Reputation: 3376
In linux we can use file
command to get the file type based on the content of the file (not extension). Is there any similar function in R?
Upvotes: 7
Views: 7506
Reputation: 148
dqmagic is not on CRAN. Below an R solution which uses linux's "file" command (actually BSD's 'file' v5.35 dated October 2018, packaged in Ubuntu 19.04, according to man page)
file_full_path <- "/home/user/Documents/an_RTF_document.doc"
file_mime_type <- system2(command = "file",
args = paste0(" -b --mime-type ", file_full_path), stdout = TRUE) # "text/rtf"
# Gives the list of potentially allowed extension for this mime type:
file_possible_ext <- system2(command = "file",
args = paste0(" -b --extension ", file_full_path),
stdout = TRUE) # "???". "doc/dot" for MsWord files.
It could be necessary to check that the actual extension is known to be a valid extension for the given mime type (for instance, readtext::readtext() reads an RTF file but fails if it is saved as *.doc).
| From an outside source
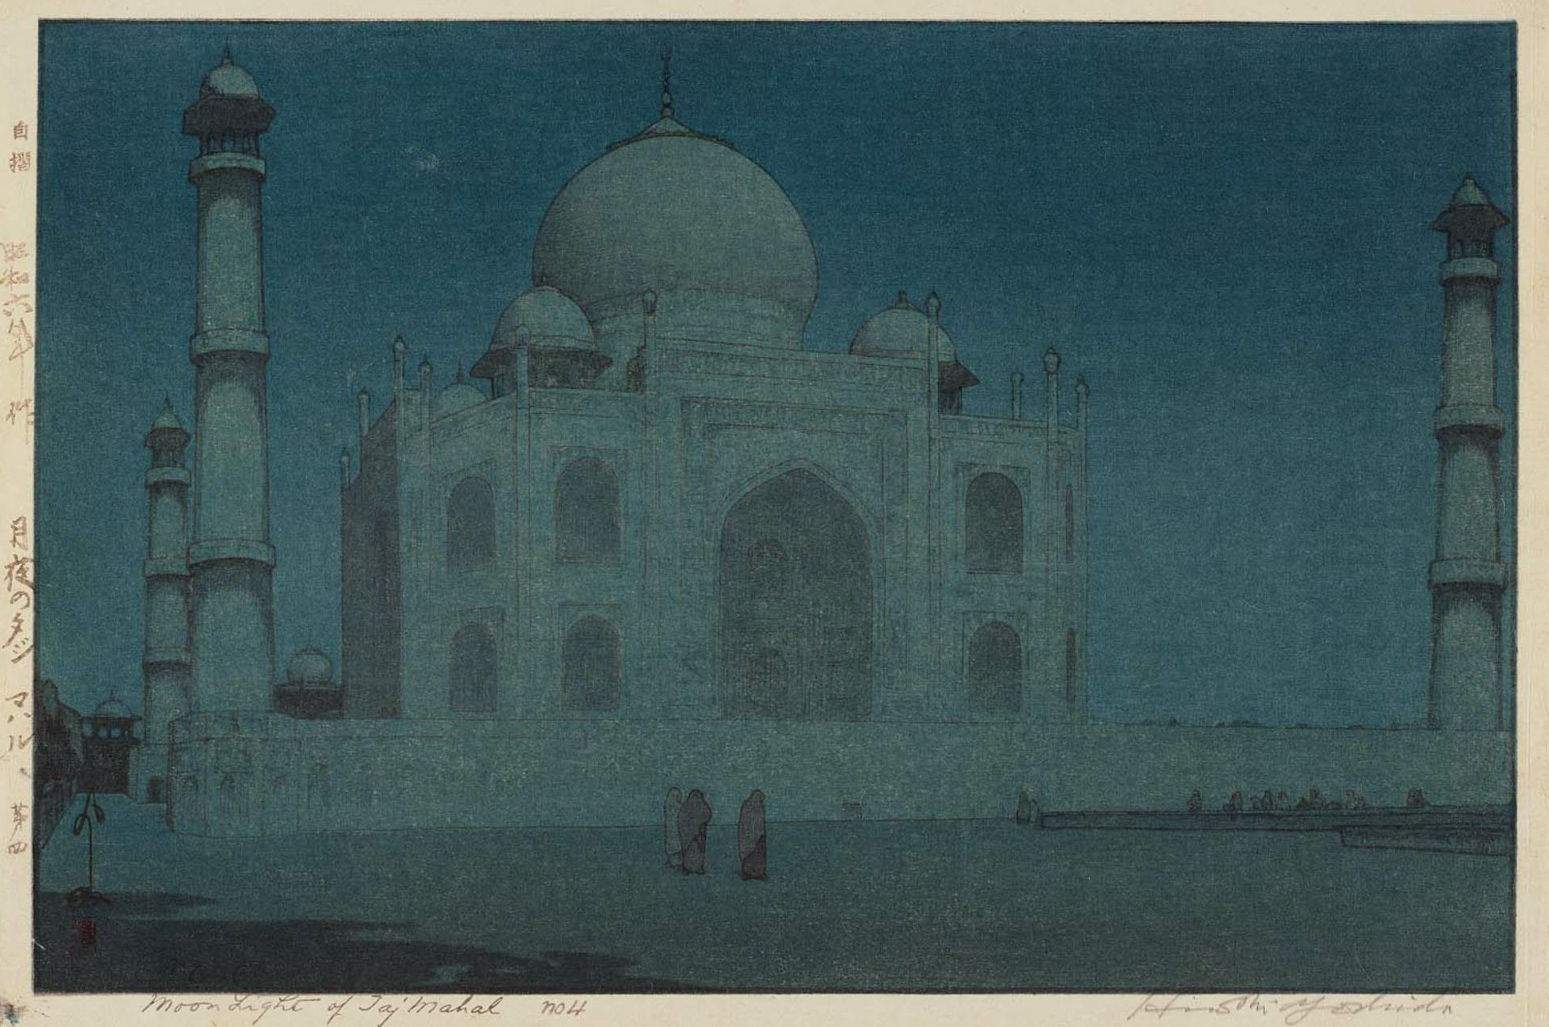 Hiroshi Yoshida “Taj Mahal in Moonlight, No. 4” 1931 woodblock print
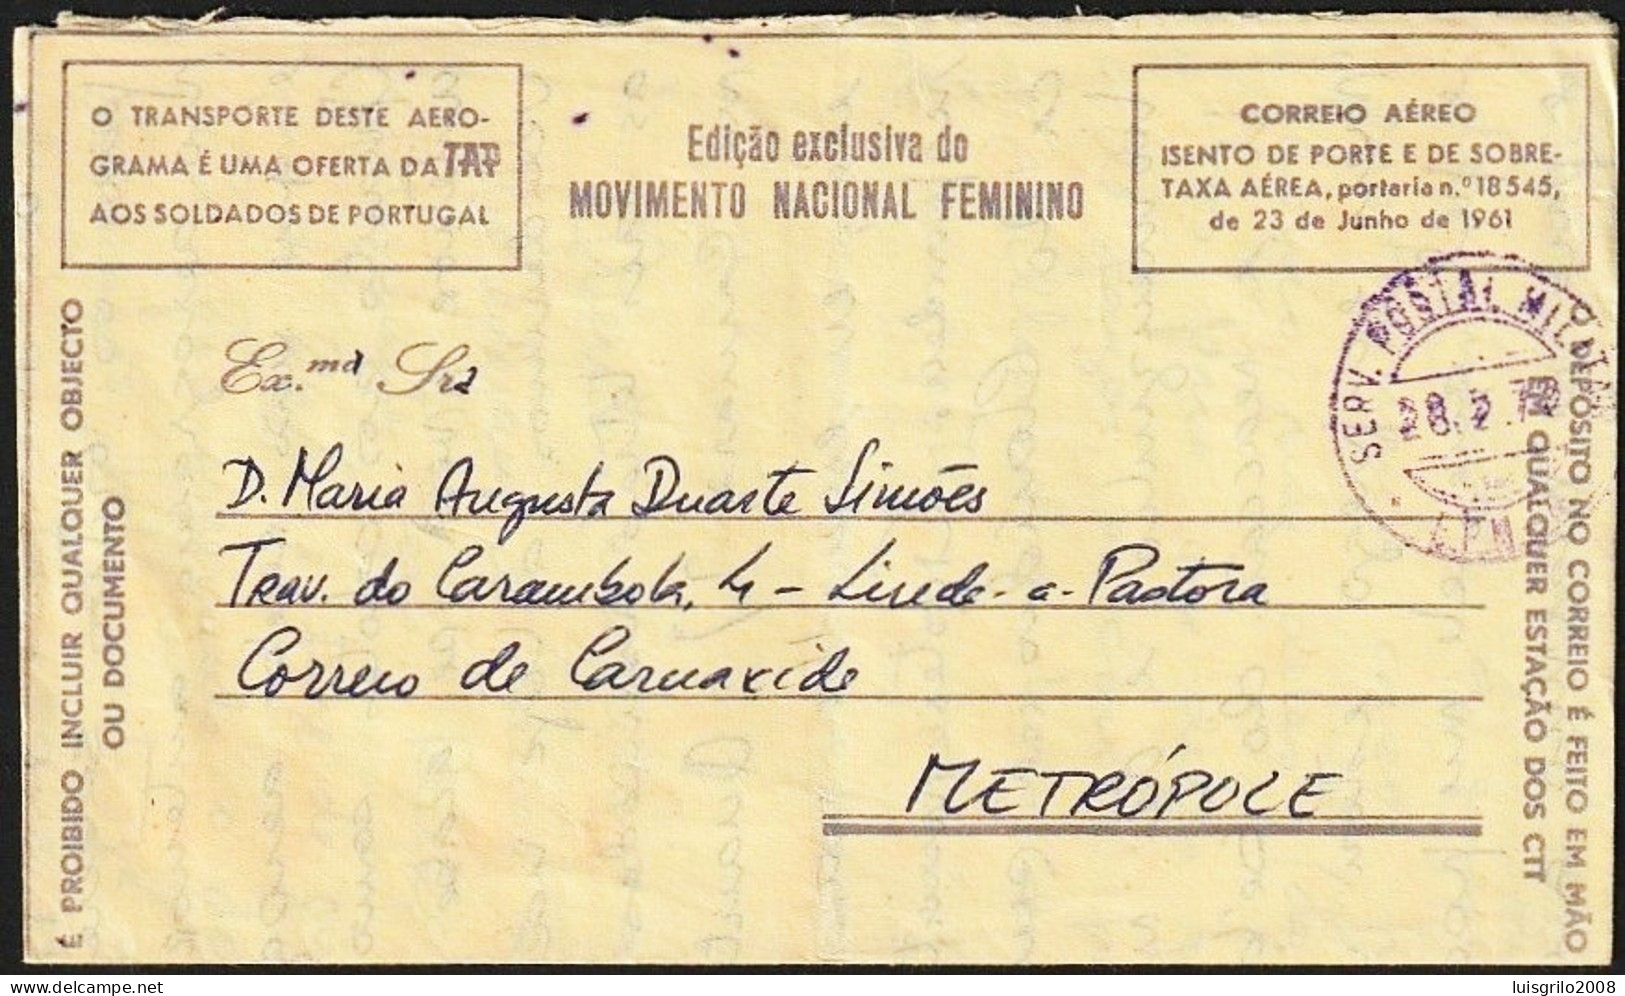 Aerogramme/ Aerograma Militar - Mozambique > Carnaxide, Portugal -|- Postmark - Serv. Postal Militar 4, 1972 - Briefe U. Dokumente

file.basename <- basename(file_full_path)
file.base_without_ext <-sub(pattern = "(.*)\\..*$",
replacement = "\\1", file.basename)
file.nchar_ext <- nchar(file.basename) -
nchar(file.base_without_ext)-1 # 3 or 4 (doc, docx, odt...)
file_ext <- substring(file.basename, nchar(file.basename) -
file.nchar_ext +1) # doc, rtf...
if (file_mime_type == "text/rtf"){
file_possible_ext <- "rtf"
} # in some (all?) cases, for an rtf mime-type,
#'file' outputs "???" as allowed extension
# Returns TRUE if the actual extension is known to
# be a valid extension for the given mime type:
length(grep(file_ext, file_possible_ext, ignore.case = TRUE)) > 0
Upvotes: 4
Reputation: 26823
Old question but maybe relevant for people getting here via google: You can use dqmagic, a wrapper around libmagic for R, to determine the file type based on the files content. Since file
uses the same library, the results are the same, e.g.:
library(dqmagic)
file_type("DESCRIPTION")
#> [1] "ASCII text"
file_type("src/file.cpp")
#> [1] "C source, ASCII text"
vs.
$ file DESCRIPTION src/file.cpp
DESCRIPTION: ASCII text
src/file.cpp: C source, ASCII text
Disclaimer: I am the author of the package.
Upvotes: 4